Task to complete
Beginning with the line of the entries below that holds "Neon Mask Girl Desktop Wallpaper" and ending with the line that holds "Polo Ralph Lauren Pink Oxford Shirt - PINK", transcribe each line exactly as written. Pictures stay out.

Extracted entries

######

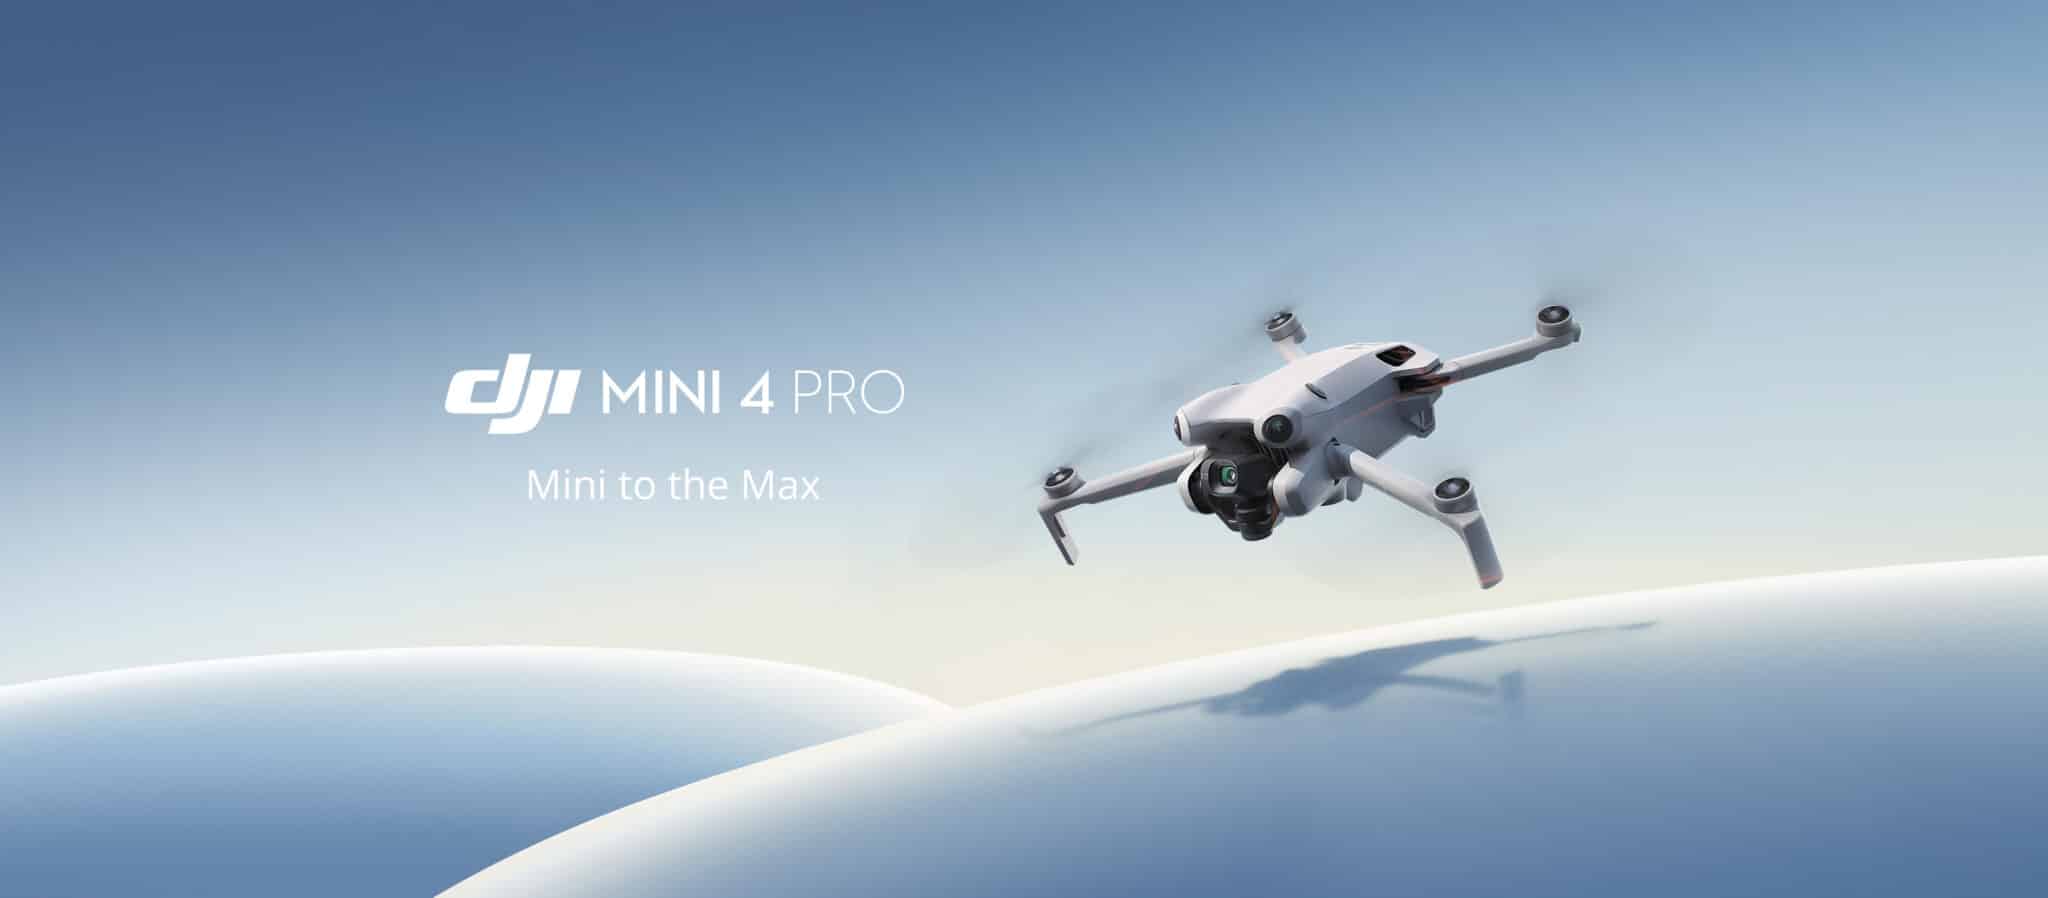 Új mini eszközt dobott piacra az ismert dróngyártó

######

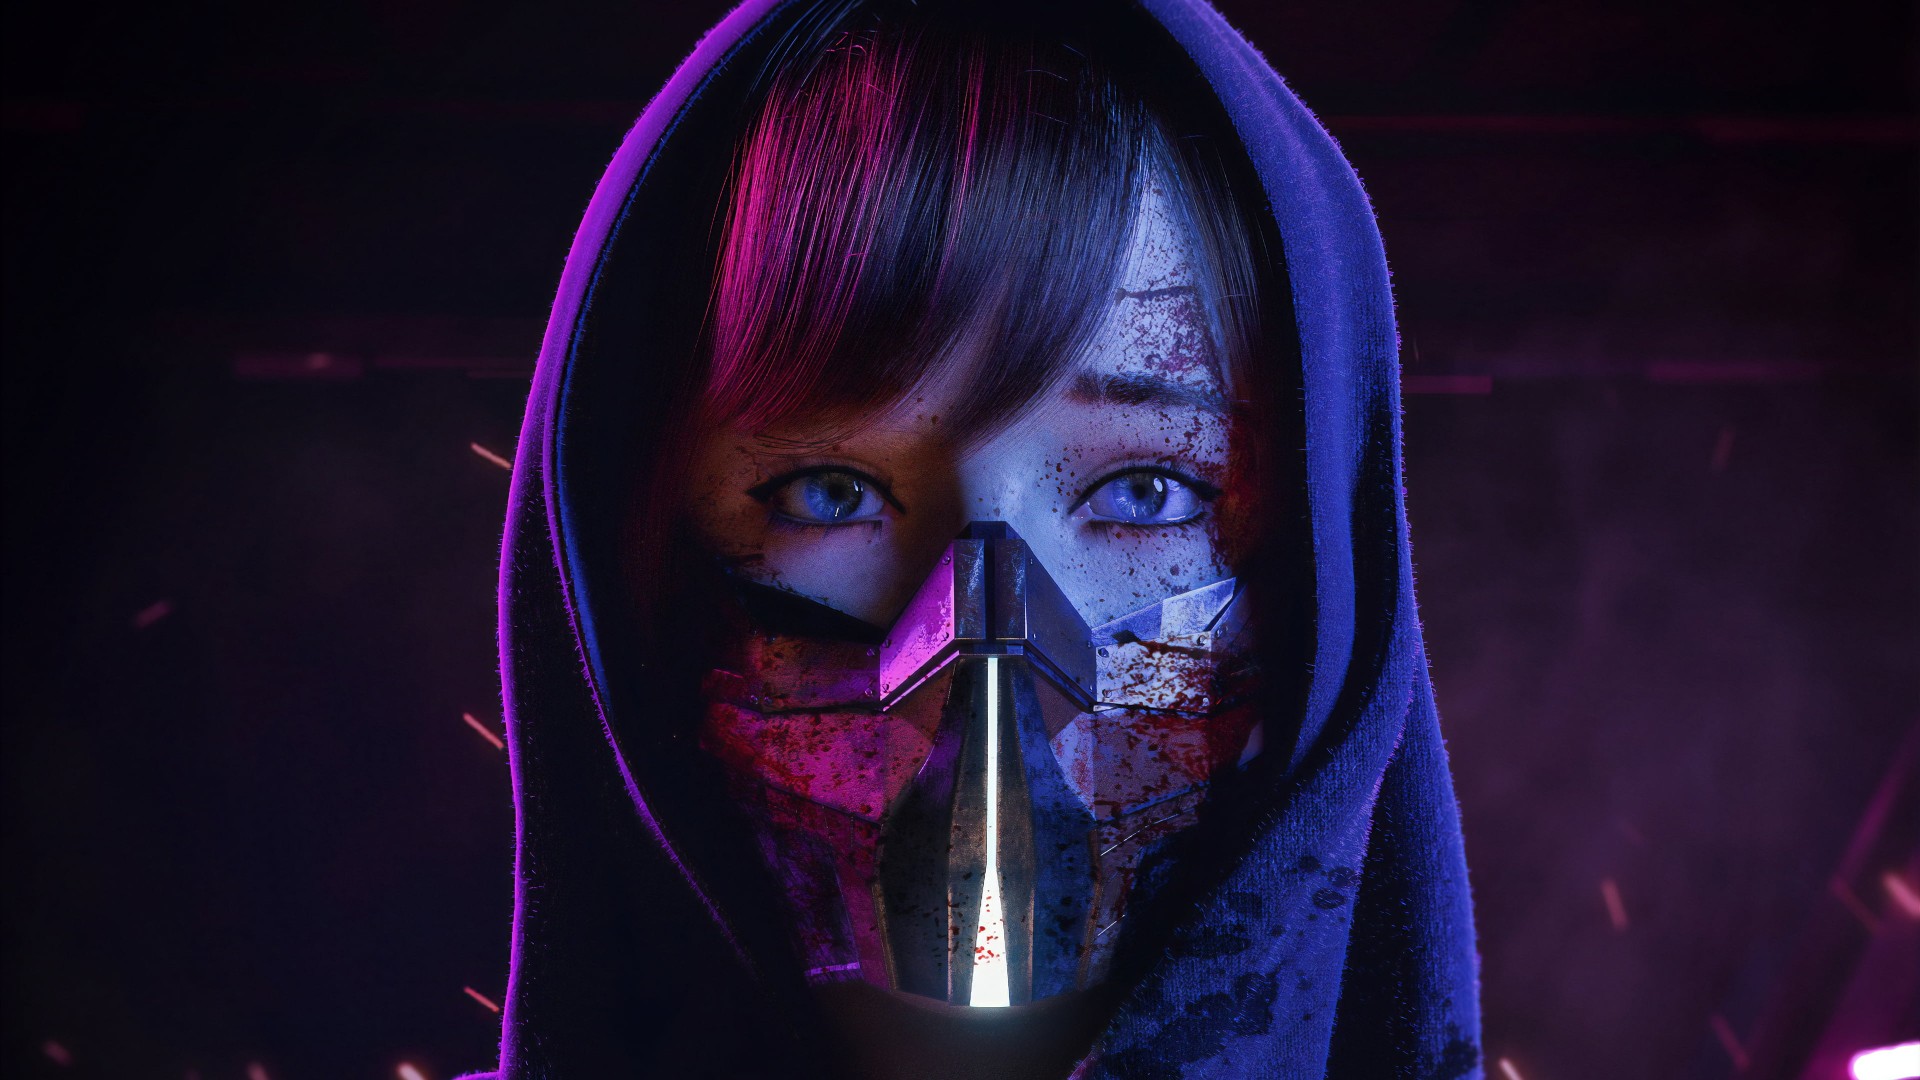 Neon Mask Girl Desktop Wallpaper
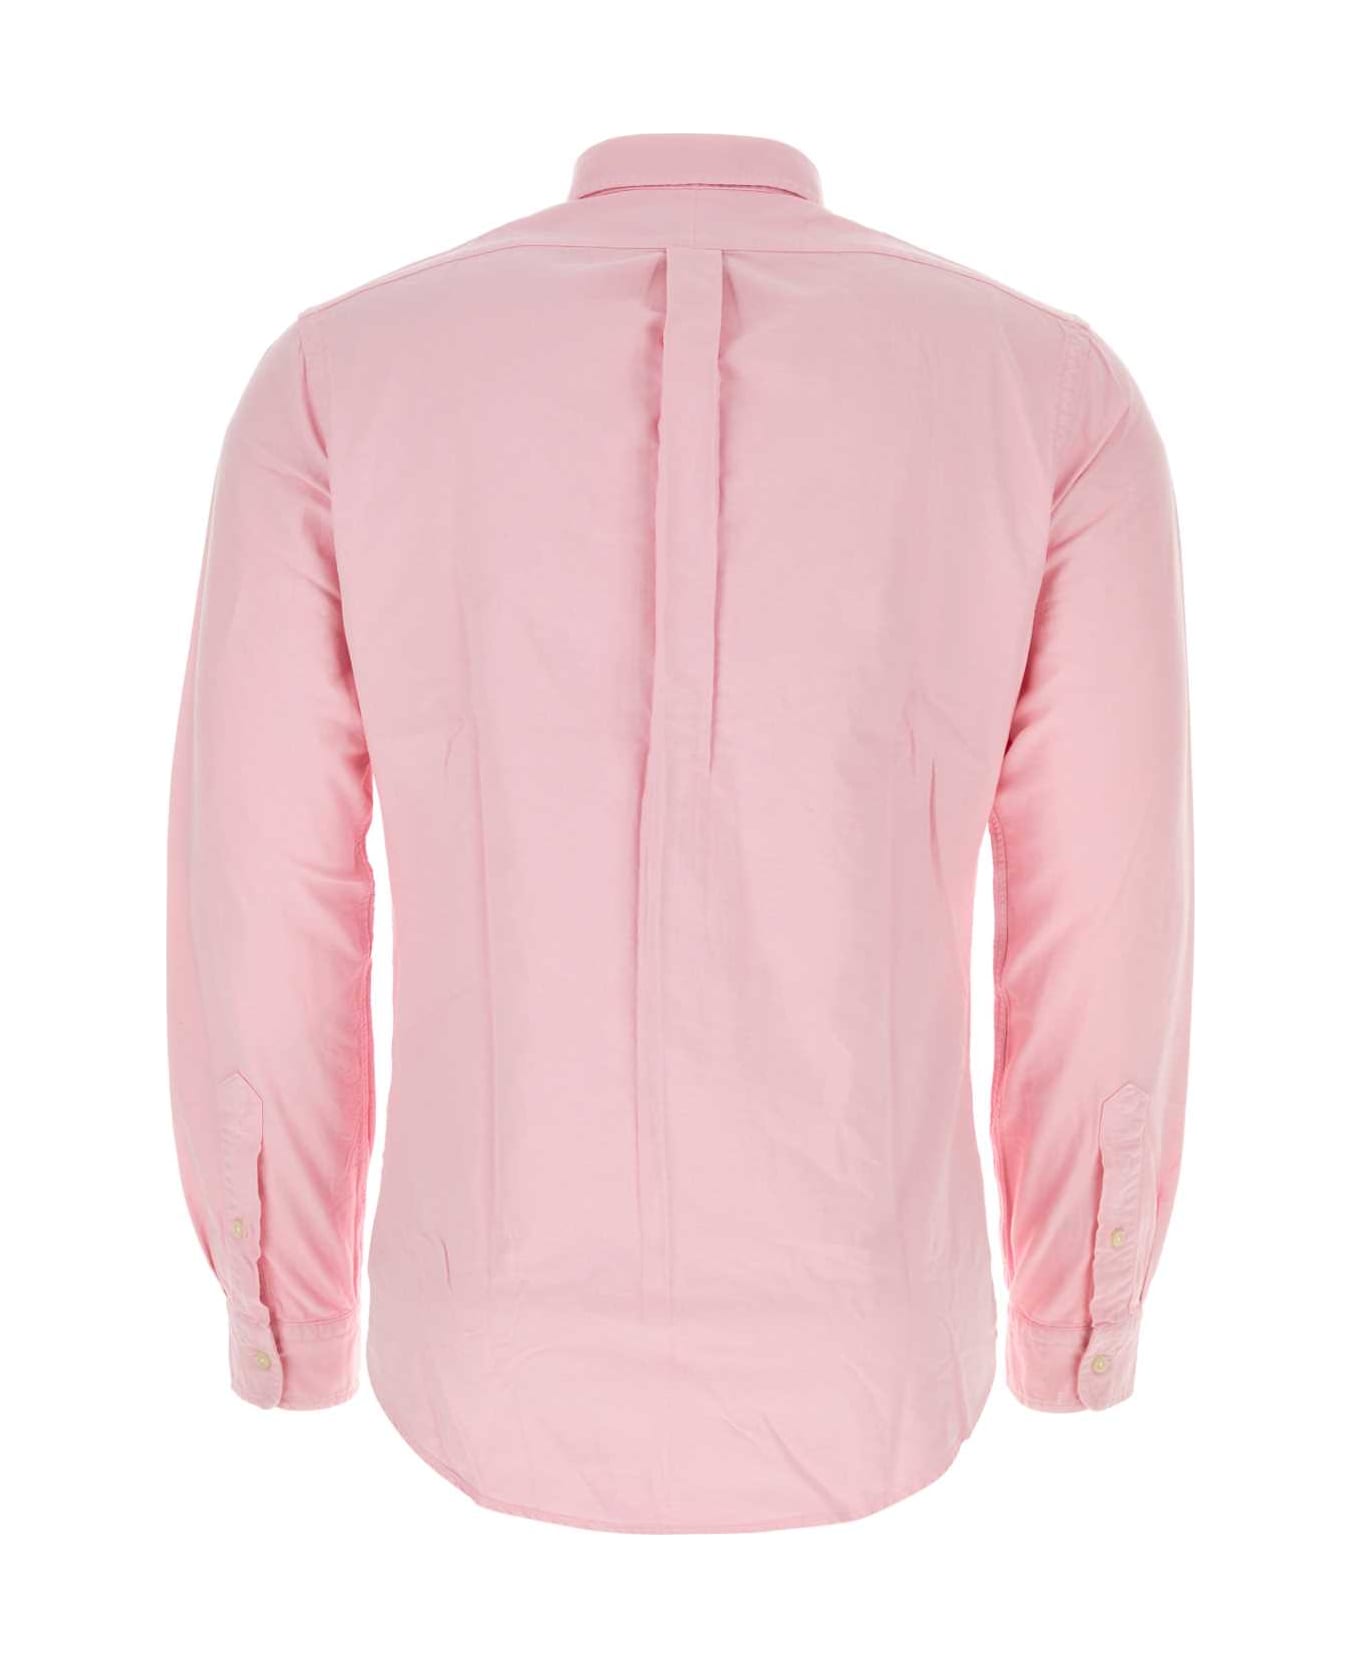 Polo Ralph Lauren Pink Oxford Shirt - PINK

######

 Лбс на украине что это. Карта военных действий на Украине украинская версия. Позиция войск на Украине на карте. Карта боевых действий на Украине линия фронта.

######

Result of this exercise
 Neon Mask Girl Desktop Wallpaper
 Polo Ralph Lauren Pink Oxford Shirt - PINK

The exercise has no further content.